Possibly the problem with the 'Over-Due' delay is the result of a problem identified in the book 'The Mythical Man-month' (or some such title like that), where the more people you throw at a project the more time it take to complete it. Paul working alone might just have had too large an advantage?

Lefty
That is known as Brooks Law (Fred Brooks wrote the MMM book). Here is the wikipedia entry on MMM
http://en.wikipedia.org/wiki/The_Mythical_Man-Month. However, Brooks Law would only come into effect if they added more people.
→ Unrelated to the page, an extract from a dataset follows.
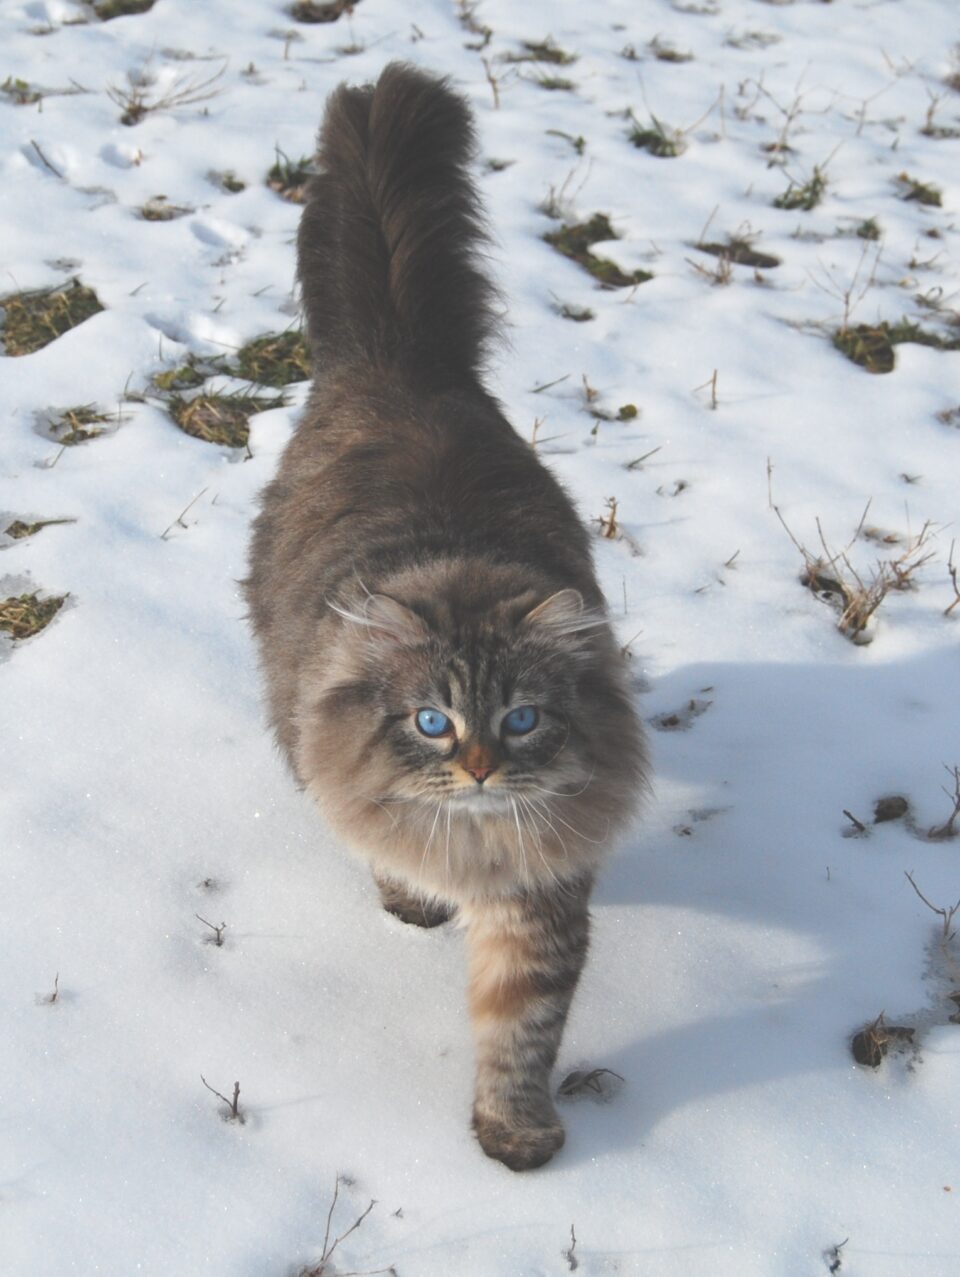 Disney cat breeds - Siberian cat

I have no knowledge of the Arduino team, but I have worked in the high tech industry for 33 years now, and I have seen many late projects. I suspect the second system effect in Mythical Man-Month may be more of the cause:
The second-system effect proposes that, when an architect designs a second system, it is the most dangerous system he will ever design, because he will tend to incorporate all of the additions he originated but did not add (due to inherent time constraints) to the first system. Thus, when embarking upon a second system, an engineer should be mindful that he is susceptible to over-engineering it.If not the second system, I suspect part of the issue is just the fact that DUE is a completely different system than AVR. Do you do things like map the Arduino pins to ARM, or do you force users to have various #ifdef's in thier code. I haven't looked at the details of either ARM or AVR chips, but it may be some things like interrupts, PWM, sizes of the 'int' type, inline assembly, etc. are completely different.